Yet despite 60 years of experience—beginning with the $13 billion Marshall Plan following World War II—the United States today does not have a long-term strategy for how we allocate foreign assistance. As a result, U.S. foreign assistance is too rarely geared toward preventing or getting out ahead of crises, be they civil conflict, famine, or failing states. Too much of our foreign assistance and the foreign policy that drives decisions about the allocation of foreign aid is reactive rather than proactive. Consequently, our aid policies and programs are short term, which means that all too often we don’t achieve lasting, long-term results.

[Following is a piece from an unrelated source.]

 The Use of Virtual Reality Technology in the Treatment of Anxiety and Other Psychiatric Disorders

There are three kinds of situations that contribute to Washington’s tendency to deploy foreign assistance as a short-term tool rather than as a long-term investment. The first is when crisis-driven geopolitical interests demand that we provide high levels of aid, as in, for example, Afghanistan or Pakistan today. The second includes man-made and natural disasters, as happened in Liberia during repeated civil wars over the last 20 years, or in East Africa, where recurrent famine over the past 50 years has repeatedly triggered our humanitarian instincts. The third includes chronic cases of failed states, such as Sudan, where the United States has national interests (political stability in a country that straddles the Middle East and Africa) but where humanitarian aid and peacekeeping missions are offered up as a palliative for the absence of a concerted, sustained, and proactive foreign policy.

In all of these situations, development assistance that might ameliorate the underlying conditions of poverty and instability is trumped by humanitarian or military assistance. And in each of these cases, the pattern of aid flows is consistent—aid spikes in reaction to crises, but far less is invested to prevent crises before they occur or to consolidate progress when crises subside. Huge amounts of aid are allocated to support strategic interests, but the spigot is turned off once those immediate interests diminish.

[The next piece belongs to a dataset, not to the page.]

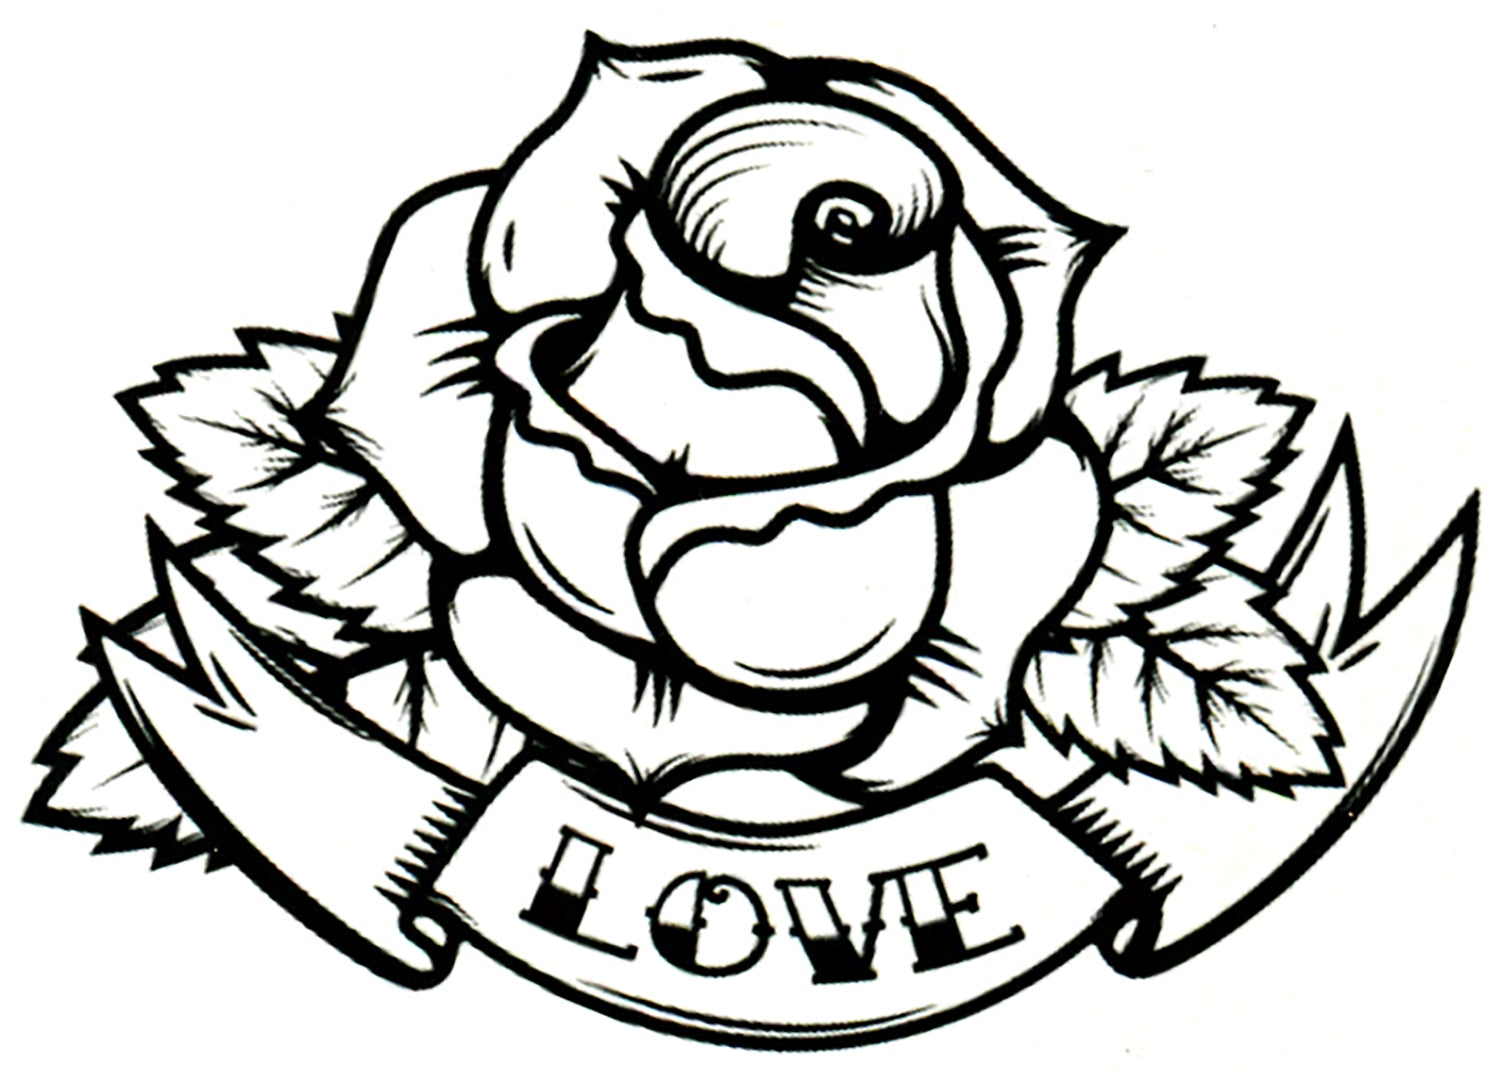 Love Rose Banner Classic Black Waterproof Temporary Tattoos 2 Sheets

Providing billions of dollars in support of relief operations in Sudan or to shore up a strategic but authoritarian ally in Pakistan are not policies that can succeed on their own. In fact, these investments can go to waste if they are not driven by long-term development objectives. A glance at the history of U.S. foreign aid spending illustrates a pattern: aid levels increase when crises arise, but flat-line immediately thereafter, only to rise again when they recur. The cost of this pattern of reaction is enormous—in taxpayer dollars, in stability, and in very human terms.

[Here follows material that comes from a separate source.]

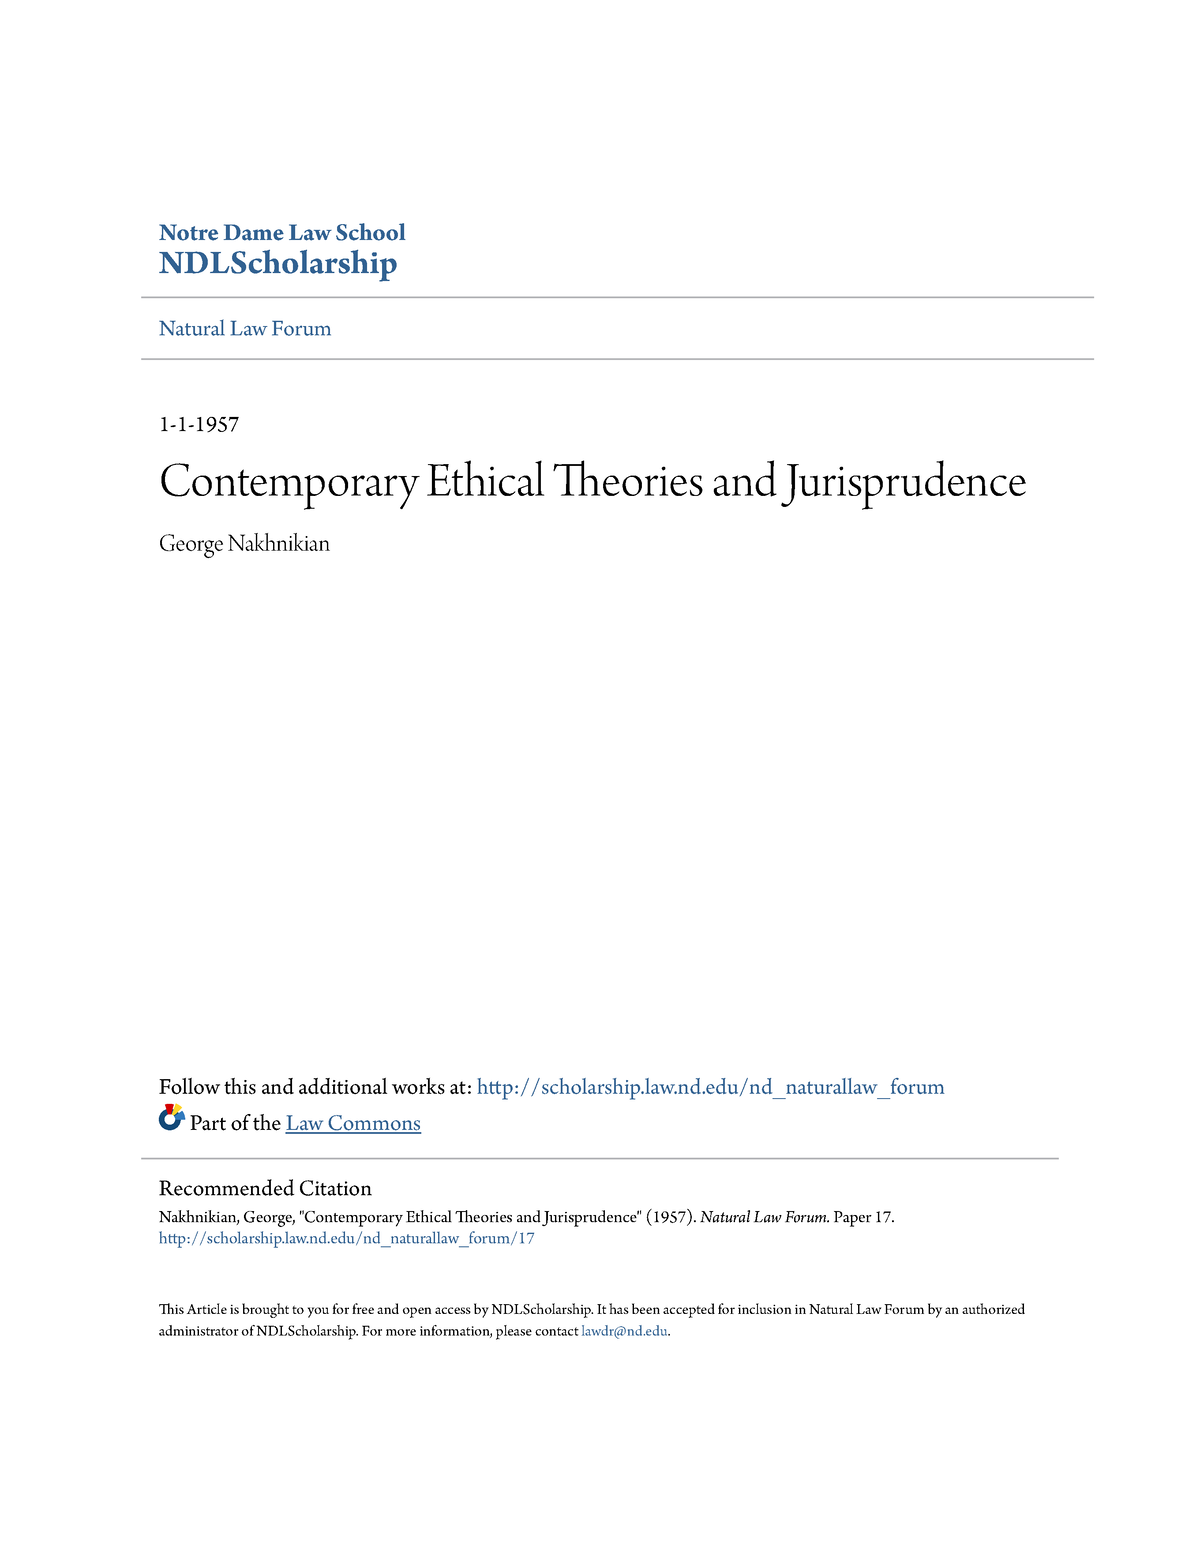 contemporary-ethical-theories-and-jurisprudence-notre-dame-law-school

To understand these costs of reaction this paper first takes a by-the-numbers look at the costs to the American taxpayer of our inability to craft long-term, sustainable policies for countries in civil war, amid famine, or saddled with chronically failing governments. We then examine five countries that exemplify one or more of these problems—Pakistan, Afghanistan, Liberia, Sudan and Ethiopia—to explore how the off-and-on pattern of aid delivery undercuts our aims and the long-term sustainable security needs of these countries. We then close each of these case studies, and the report itself, with a look at alternative ways the United States could approach its foreign aid spending with an eye on long-term, sustainable security for us and for our foreign aid recipients. As we will demonstrate, an ounce of prevention is worth a pound of cure.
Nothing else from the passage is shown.